You may ask yourself why we’re doing the aggregation of our dimensions (i.e. sale_price) in the “this_period_measure” instead of pointing to a measure that’s already performing the aggregation. We need to refer to dimensions in the first part of our CASE statement: CASE WHEN ${created_raw} >= ${first_day}. Therefore, we need to group by those dimensions in order to perform the aggregation. For example, CASE WHEN ${created_raw} >= ${first_day} THEN SUM(${sale_price}) will return an error. The above is a way to dynamically wrap the entire CASE statement in whichever type of aggregation is needed for our analysis.
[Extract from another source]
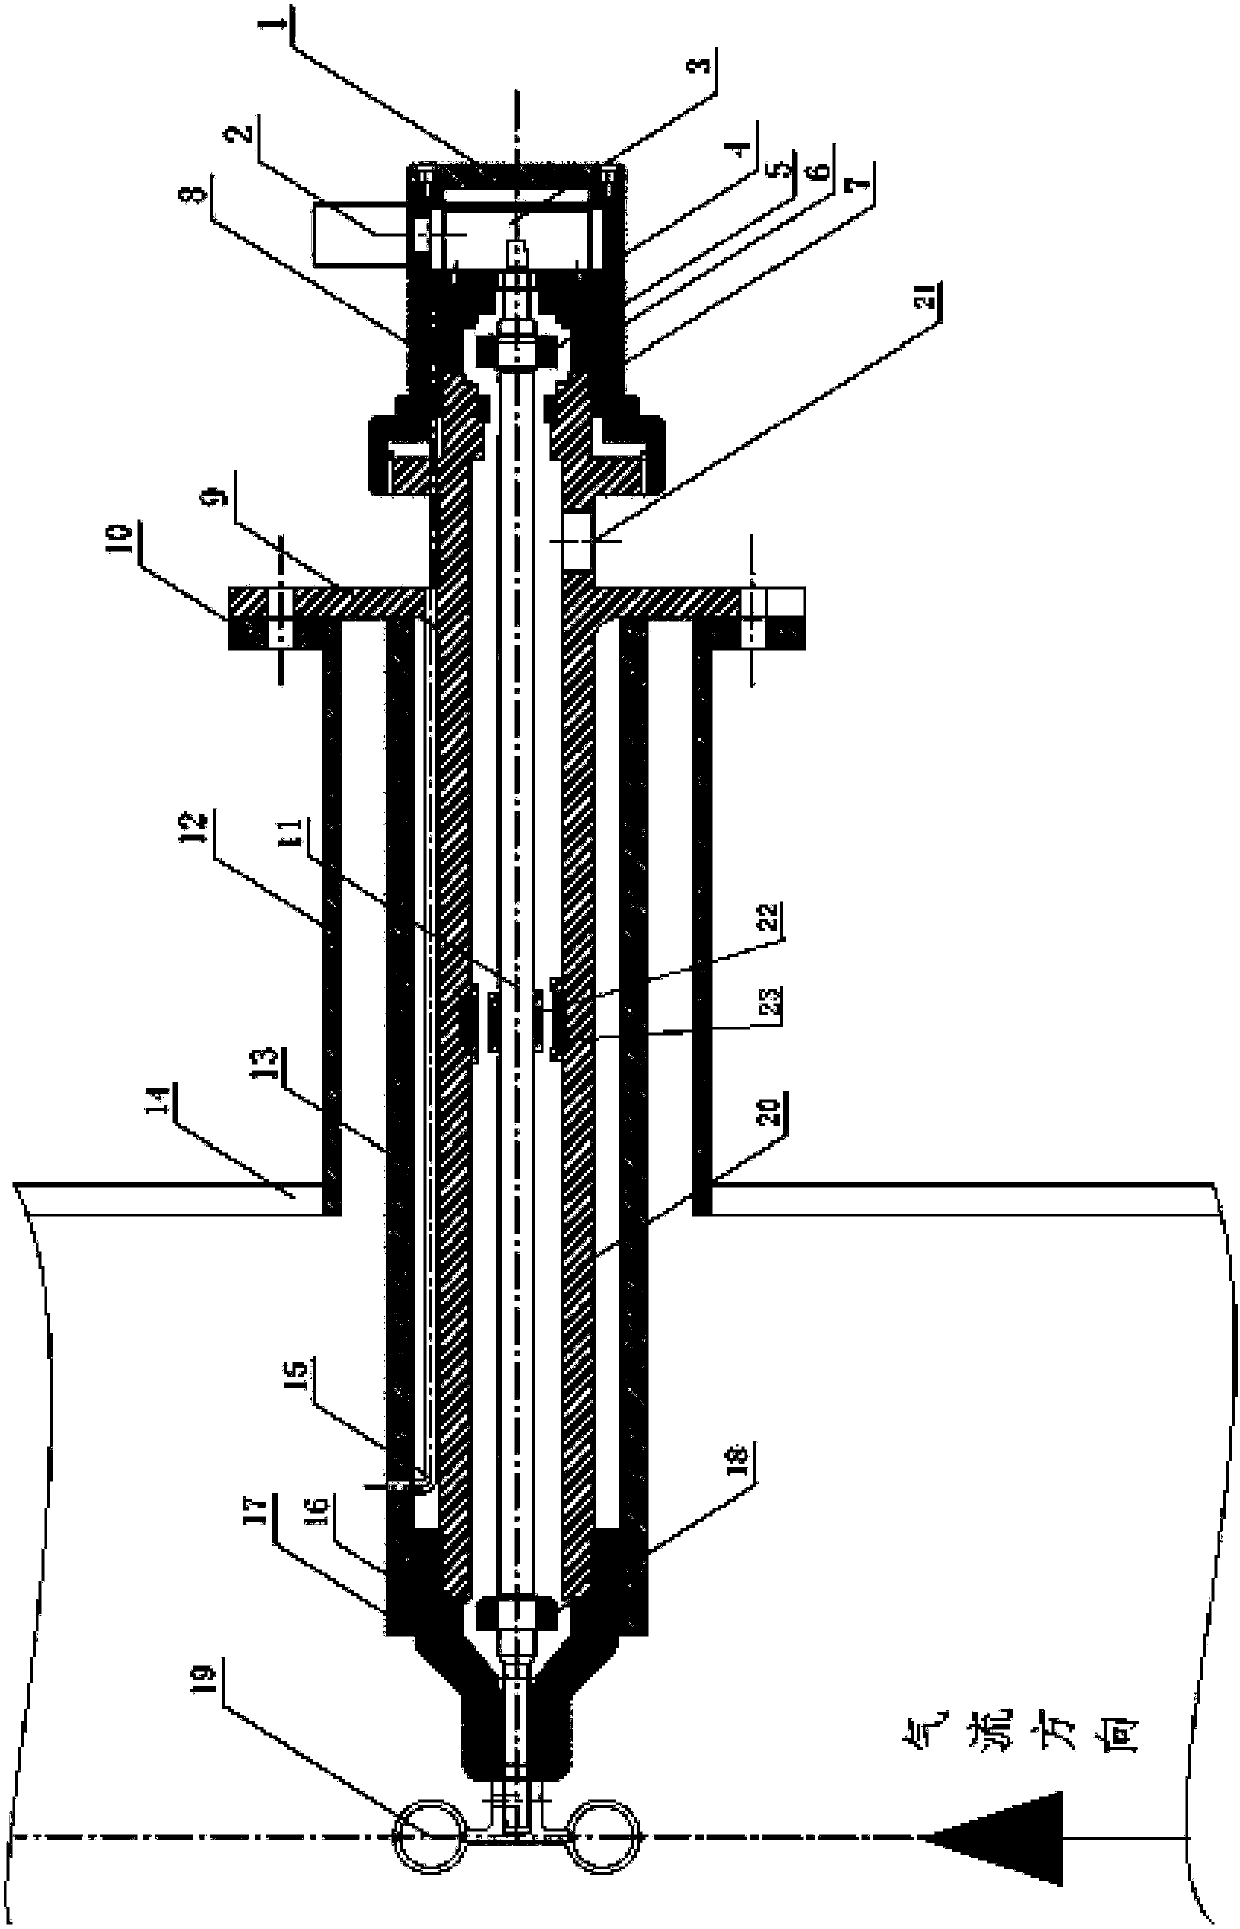 A device for measuring air flow in a pipeline

 measure: projected_measure {
    type: number
    sql: 1.0*${this_period_measure}/NULLIF(${percentage_of_period_completed},0) ;;
    value_format_name: decimal_0
  }

For those of you working with COUNT DISTINCTS, below is the syntax for that.

measure: this_period_measure {
    type: number
    sql:
    {% if metric_selector._parameter_value  == "'total_sale_price'" %}
        SUM
    {% elsif metric_selector._parameter_value  == "'customers'" %}
        COUNT(DISTINCT
    {% elsif metric_selector._parameter_value  == "'orders'" %}
        COUNT(DISTINCT
    {% endif %} (CASE WHEN ${created_raw} >= ${first_day} THEN ${selected_metric} END)
    {% if metric_selector._parameter_value  == "'customers'" %}
        )
    {% elsif metric_selector._parameter_value  == "'orders'" %}
        )
    {% endif %}
    ;;
    value_format_name: decimal_0
  }

And for the final product:


Solution without using Parameters or Liquid:

### TIME WINDOW DIMENSIONS ###


dimension: first_day {
  type: date
  sql: date_trunc('quarter',getdate()) ;;
  convert_tz: no
}

dimension: last_day {
  type: date
  sql: last_day(dateadd(month,2,${first_day})) ;;
  convert_tz: no
}

dimension: hours_since_start {
  type: number
  sql: datediff(hour,${first_day},getdate()) ;;
}

dimension: hours_until_last_day {
  type: number
  sql: datediff(hour,getdate(),${last_day})+24 ;;
}

dimension: hours_in_period {
  type: number
  sql: ${hours_since_start}+${hours_until_last_day} ;;
}

dimension: percentage_of_period_completed {
  type: number
  sql: 1.0*${hours_since_start}/NULLIF(${hours_in_period},0) ;;
  value_format_name: percent_2
}

### THIS PERIOD AND PROJECTED PERIOD MEASURES ###


measure: this_period_measure {
  type: sum
  sql:CASE WHEN ${created_raw} >= ${first_day} THEN ${sales_price} END;;
  value_format_name: decimal_0
}

measure: projected_measure {
  type: number
  sql: 1.0*${this_period_measure}/NULLIF(${percentage_of_period_completed},0);;
  value_format_name: decimal_0
}